▶ _PROMPT_: An exact copy is the goal: every line from the one containing "People living with" to the end of the material below, pictures excluded.

▶ _DATA SHOWN_:

========

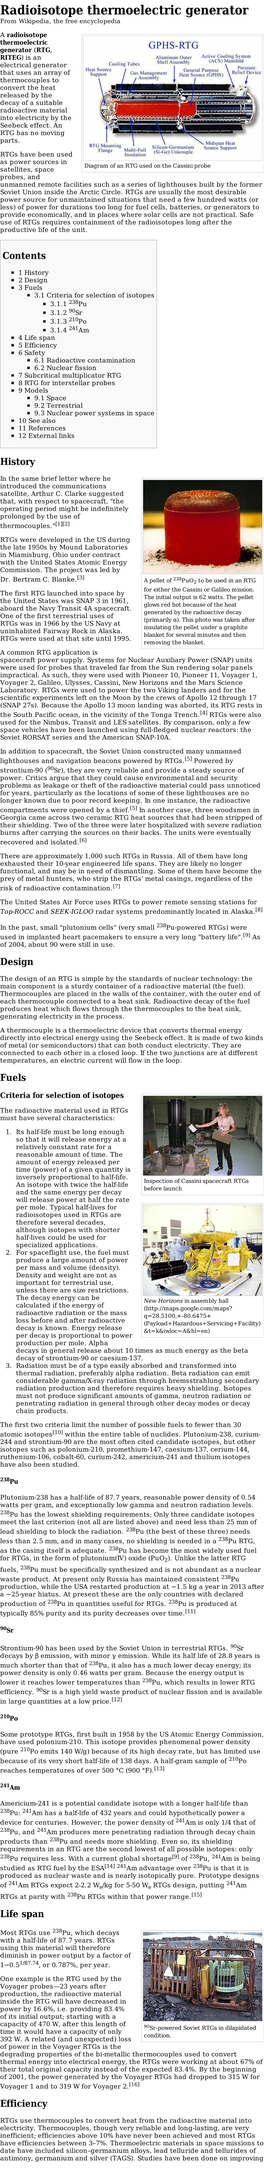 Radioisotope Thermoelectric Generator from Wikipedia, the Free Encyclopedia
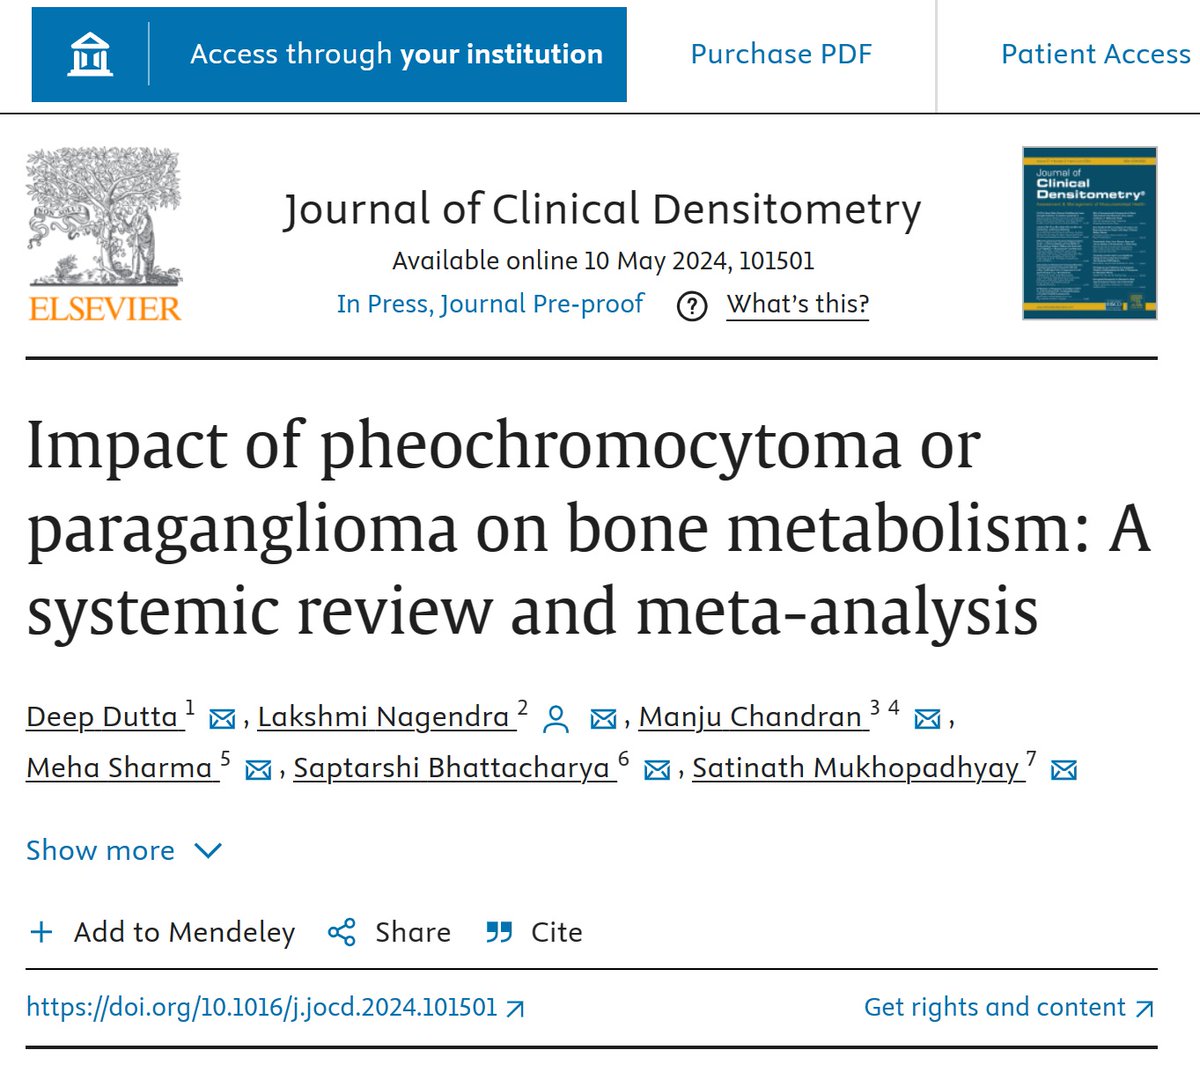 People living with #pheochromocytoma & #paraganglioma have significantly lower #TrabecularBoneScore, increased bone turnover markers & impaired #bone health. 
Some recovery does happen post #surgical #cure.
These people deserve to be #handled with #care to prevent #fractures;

========

▶ _SOLVED EXERCISE_:
 People living with #pheochromocytoma & #paraganglioma have significantly lower #TrabecularBoneScore, increased bone turnover markers & impaired #bone health. 
Some recovery does happen post #surgical #cure.
These people deserve to be #handled with #care to prevent #fractures;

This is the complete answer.